I broke out into the fresh air, the wail of sirens, the clap of gunfire and the screams of men. Some men were trying to get to their cars and drive away, those privileged few. The cops were already closing of the arena parking exits, so I wasn't sure what they were thinking, if they were thinking at all.

My path cut across the greenway and toward the metro. I wasn't taking the subway, I was walking along the tracks in an effort to make my getaway. I decided to get rid of my phone then realized I hadn't activated it yet. My phone didn't know it was working for me and neither did anyone else.

As a phone it was worthless but as a media device, it serviced me just fine. Once I made it to the subway tunnels, I took stock of my situation. Where was I going to go? Home? Most likely bad for me and bad for everyone I cared about. My arm still throbbed where the cop hit me with her stun baton but was functional.

My bracelet looked none the worse for wear despite taking the brunt of the impact and shock. I didn't want to sit uselessly by while the Vanishers or Dimples' people picked me up. I had to do something, but I didn't know what. The sane, rational decision was to hunker down somewhere and let someone I liked find me. Insanity sucks.

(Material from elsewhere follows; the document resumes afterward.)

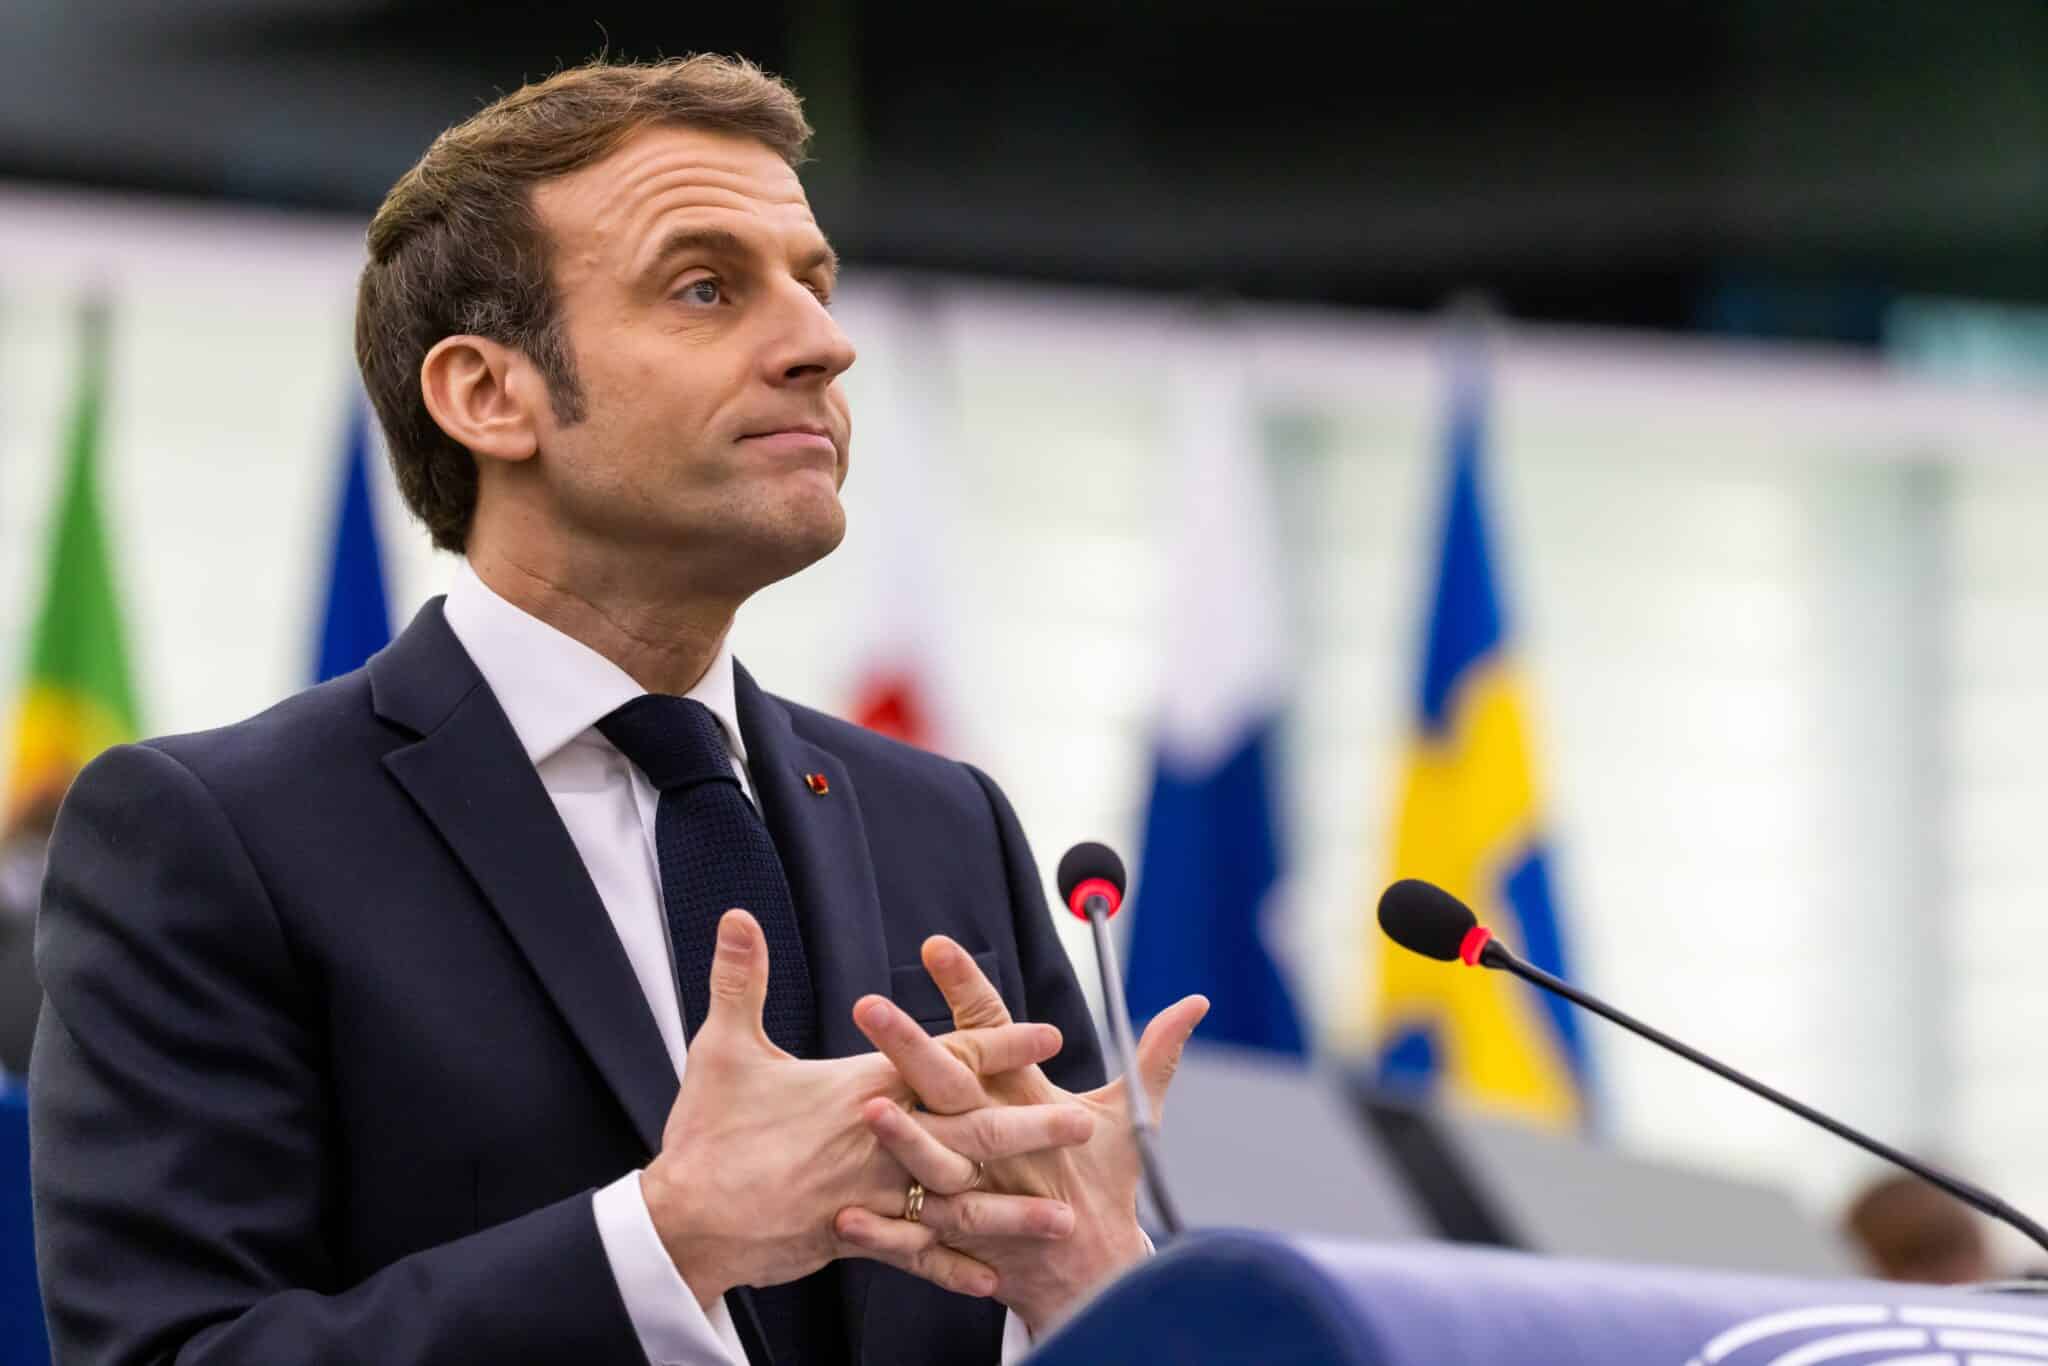 El presidente francés, Emmanule Macron, pronuncia un discurso en la sala plenaria del edificio del Parlamento Europeo durante una sesión plenaria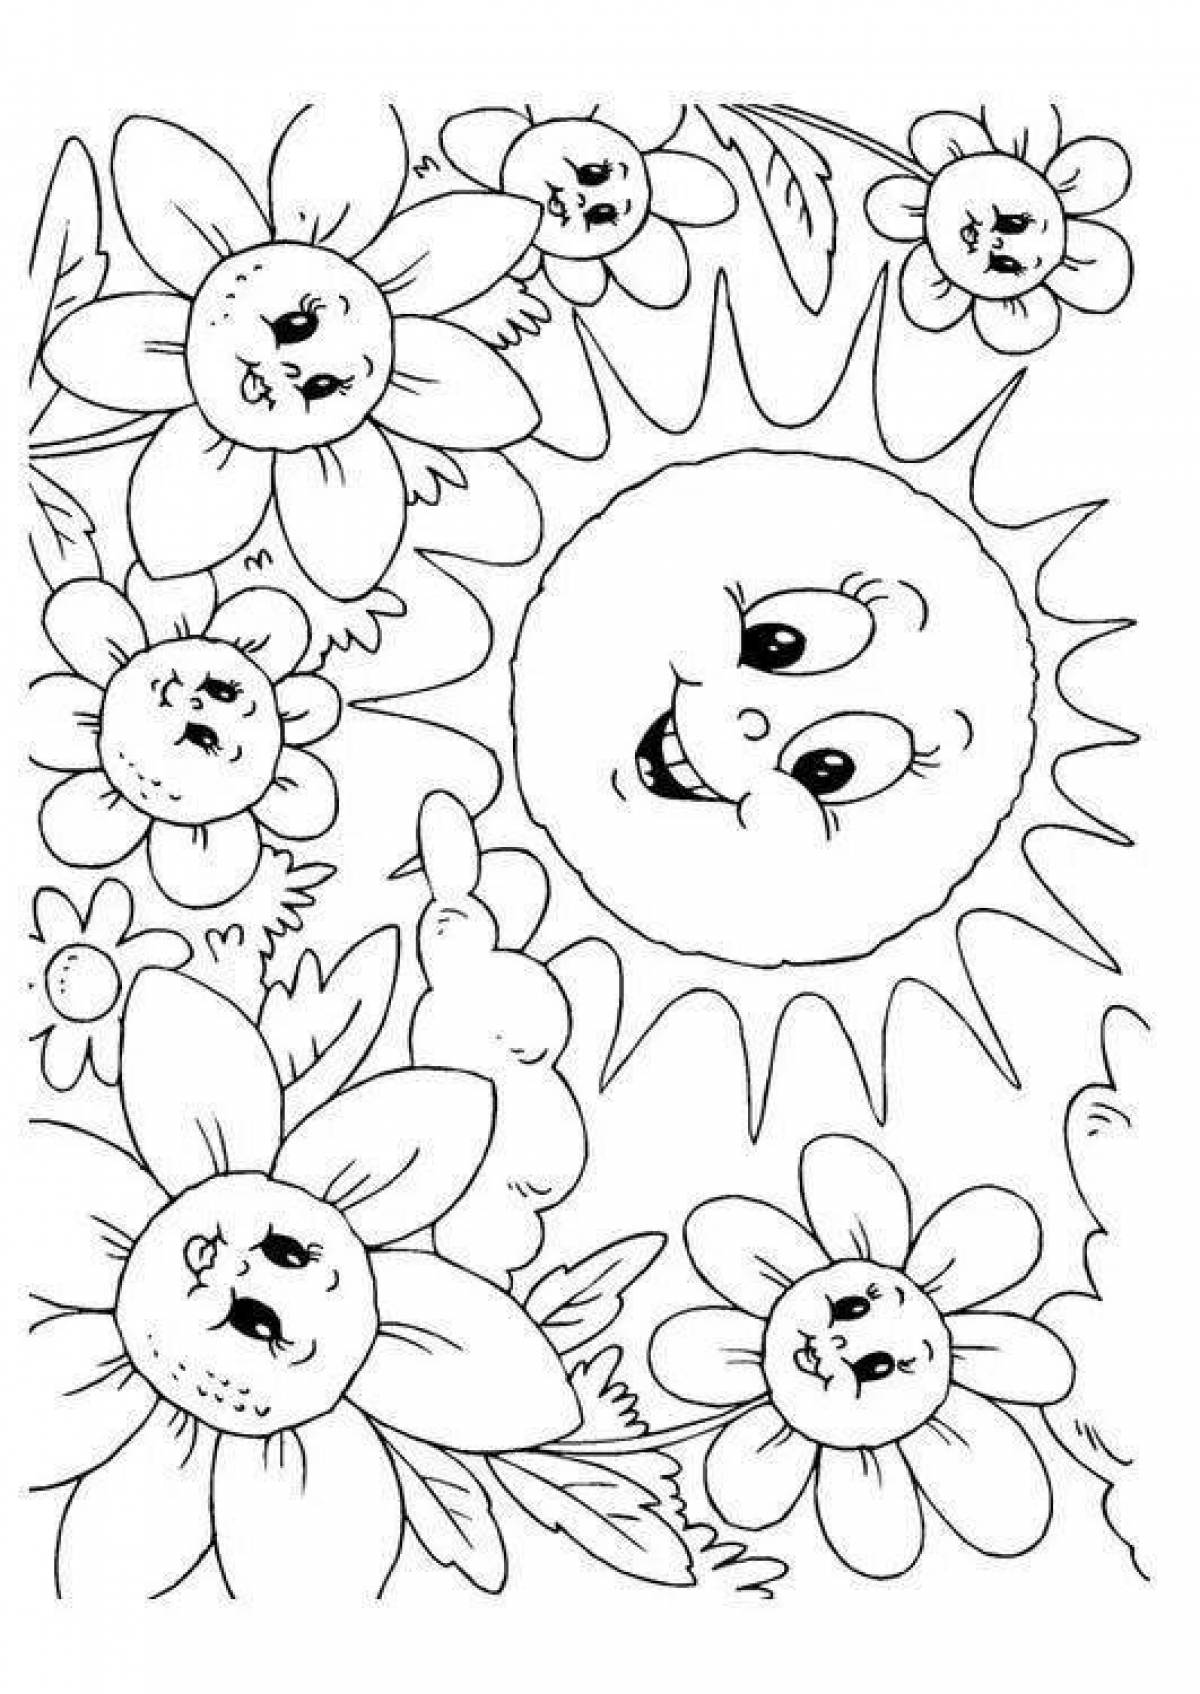 Color-lush coloring page для старшей группы детского сада

I went through some convolution to get a pre-paid phone card. Two college girls and not 'actual' sex. A half-dozen calls later, Capri knew I was still alive, she told me Angel was okay and worried about me, and I was headed into what may have been the worst decision of my life. I was drawn to it because I need to do more than live, I wanted to scream at the Void that I was alive.

Getting in was stunningly easy, there were bodies everywhere, cops and males. I was given a few quick looks, but the staff were busy and the cops were still stunned. A male nurse came into my perception.

"Hey, I'm looking for an Officer Passey," I grabbed his arm. "Can you tell me where she is?"

He looked up angrily. I was about to be told where I could shove it when the realization of who I was crossed his face.

"I brought her out of the arena and I need to tell her something," I added. He was weighing all kinds of factors before he decided in my favor.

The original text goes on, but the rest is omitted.